[Python-ideas] [Python-Dev] Unicode minus sign in numeric conversions

[Andrew Barnert]

From: Alexander Belopolsky <alexander.belopolsky at gmail.com>
Sent: Sunday, June 9, 2013 3:12 PM


>On Sun, Jun 9, 2013 at 4:56 PM, Andrew Barnert <abarnert at yahoo.com> wrote:
>
>Also, consider how much more complicated parsing gets. Instead of just getting the digit value, you also have to get the group that the value comes from and make sure you haven't gotten any digits from an incompatible group yet.

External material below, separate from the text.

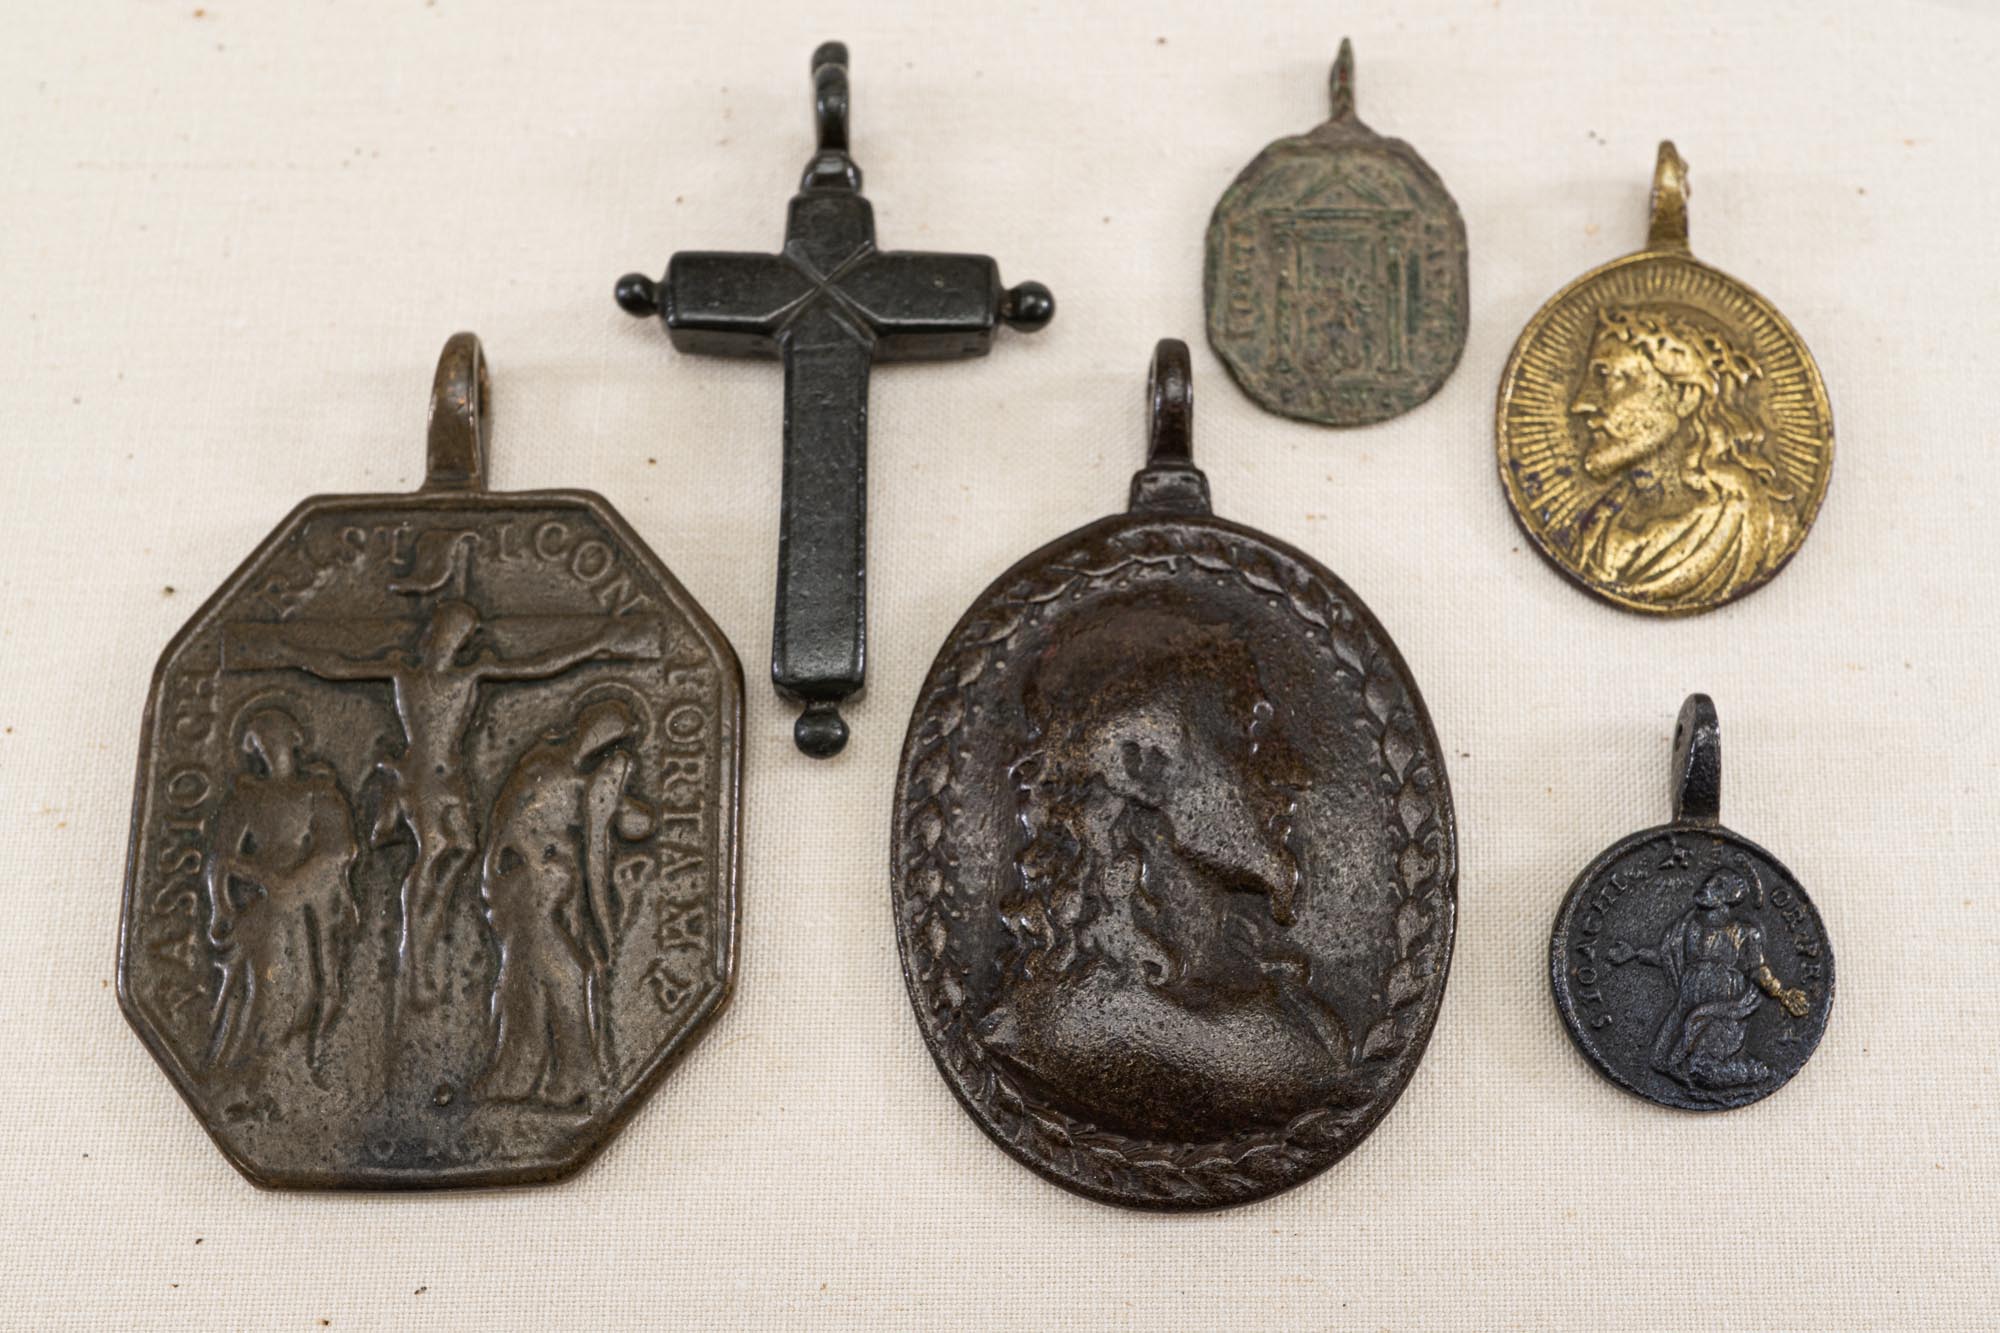 These religious medallions are reflective of the importance the Spanish placed on maintaining and expressing their faith as they expanded their empire. Museum of the Coastal Bend Victoria, TX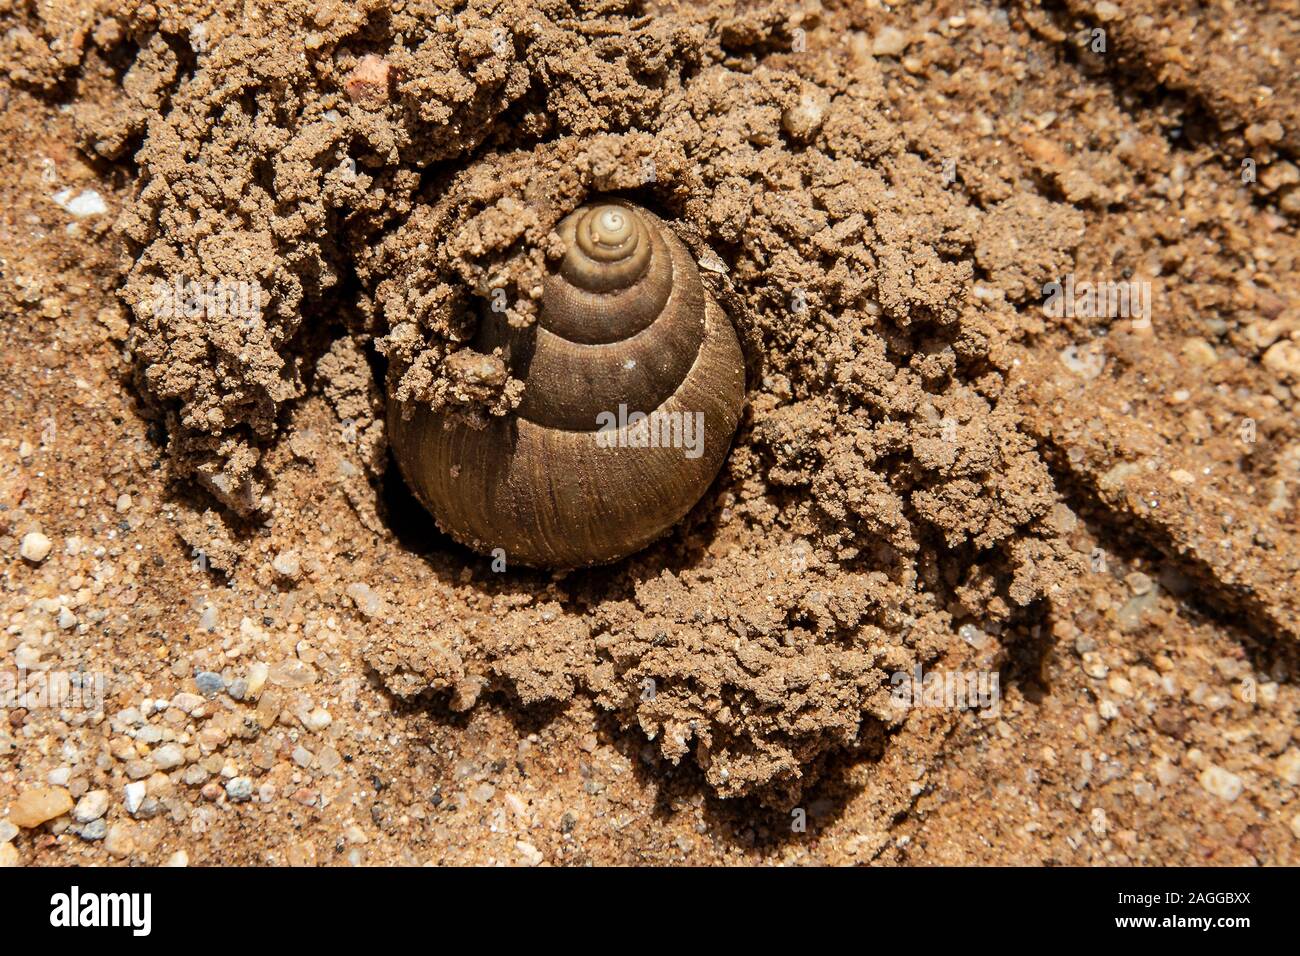 African snail burrowing into the sand after rain. Stock Photo

Why write, debug, and maintain that code?
>This is not that hard because the latest Unicode standard guarantees that decimal digits are "encoded in a contiguous range, with ascending order of Numeric_Value, and with the digit zero as the first code point in the range." (See 4.6 Numeric Value / Decimal Digits. <http://www.unicode.org/versions/Unicode6.2.0/ch04.pdf>.)   In other words, two digits belong to the same group if they have the same ord(x) - int(x) value.


It's not _hard_, but certainly it's a lot harder than not doing it:

parse_int_digit = int

def parse_int_1(s):
    i = 0
    for digit in map(parse_int_digit, s):
        i *= 10
        i += digit
    return i

def parse_int_2(s):
    i = 0
    first_digit_range = None
    for digit in map(parse_int_digit, s):
        i *= 10
        digit_range = ord(c) - digit

        if first_digit_range is None:
            first_digit_range = digit_range
        elif first_digit_range != digit_range:
            raise ValueError('Mixed digit ranges at {}: {} vs. {}'.format(digit, digit_range
                                                                          , first_digit_range))
        i += digit
    return i

I think I got them both right, but I'm less sure I about the second one. It's clearly harder to read and understand. It's also likely to take about twice as long to execute.